Is your thing something I should look into for helping keep track of my material. I'm using Excel sheets and crappy python code right now.

Im pretty sure your stuff is some super technical backend thingy, but I figured I'd shoot my shot here. Thanks for any and all info, I appreciate it

I've been curious about grammar support for non-JSON applications. (i.e., I have some use cases where XML is more natural and easier to parse but Pydantic seems to assume you should only work with JSON.) Would guidance be able to handle this use case?

In general I find that matching the most natural format for a document outperforms waiting for the big model trainers to convince the model that the format you want is a valid structure, so anything that lets me interweave structured and unstructured generation is very interesting to me right now.

guidance can handle many context-free grammars. We use an Earley parser under the hood (https://en.wikipedia.org/wiki/Earley_parser) which gives us significant flexibility boosts over alternative approaches that use weaker parsers (and went through lots of effort to make Earley parsing fast enough to not slow down LM inference). However, XML is not perfectly context-free, though with some basic assumptions you can make it CF.

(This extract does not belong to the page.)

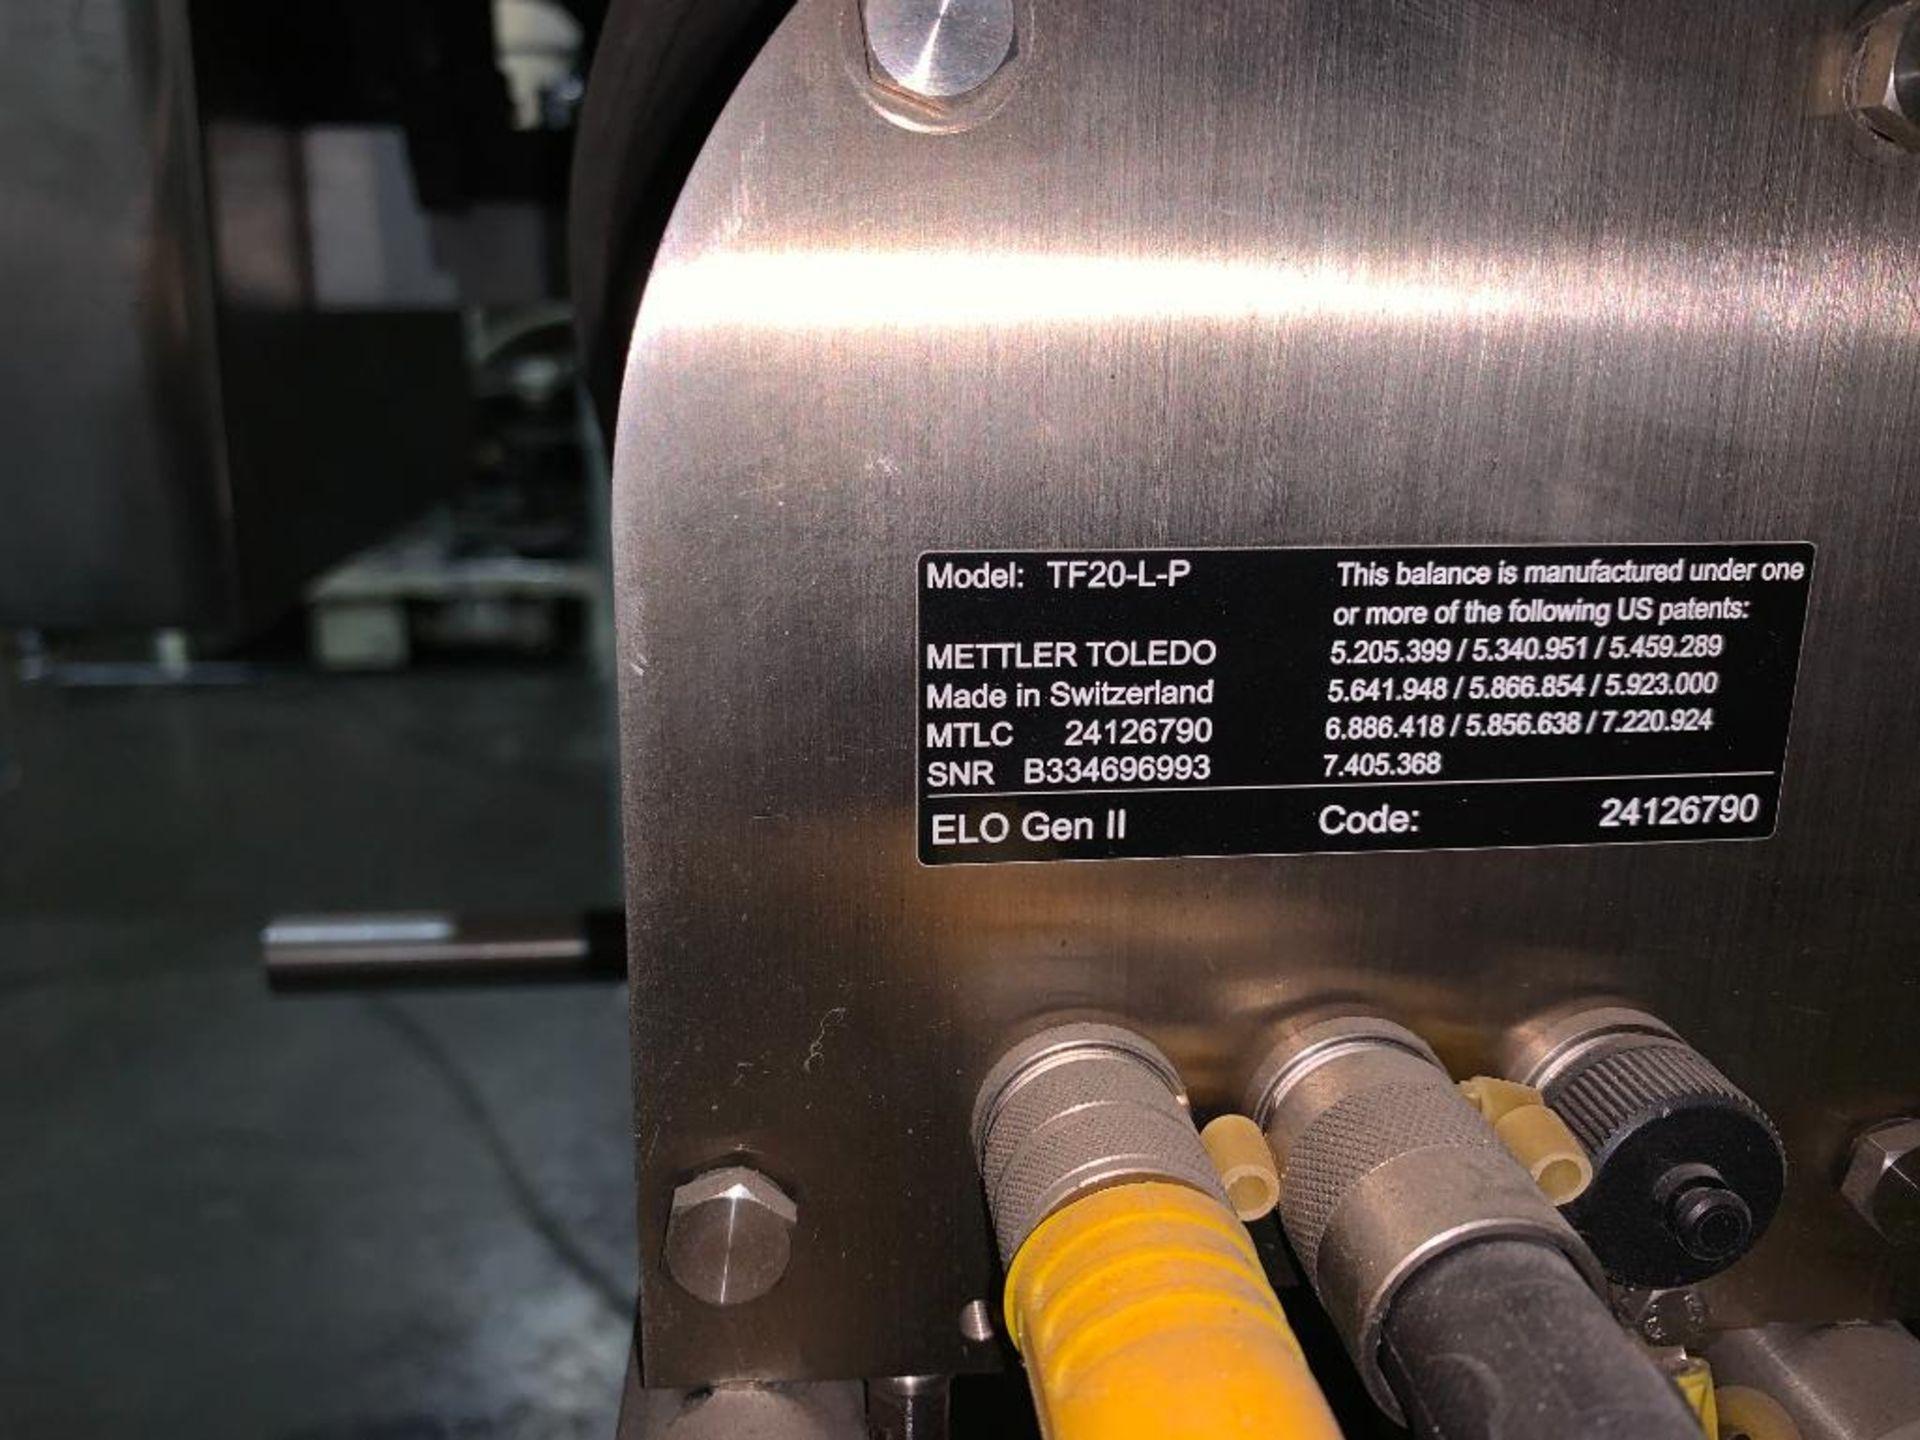 Mettler Toledo CombiChecker combination metal detector and checkweigher, model XE3 - Image 13 of 25

The annoying bit with grammars is that they are unfortunately a bit complex to write properly. Fortunately language models are getting better at this, so hopefully to get an XML grammar, you can get most of the way there with just a GPT-5 prompt. Suppose it would be a good idea to have a better pre-built set of popular grammars (like a modified XML) in guidance so that we cut this headache out for users...!

I'm really just looking for a subset of XML so that's probably sufficient.

For me, the advantage that Pydantic AI has right now is that it's easy to do ingestion/validation of the generated text, since I've already got the typing information in place. If I had similar ways to create new specialized grammars on the fly (e.g., I want XML-ish tags with these fields, but also allow for arbitrary additional fields...) that would significantly sway my implementation decisions.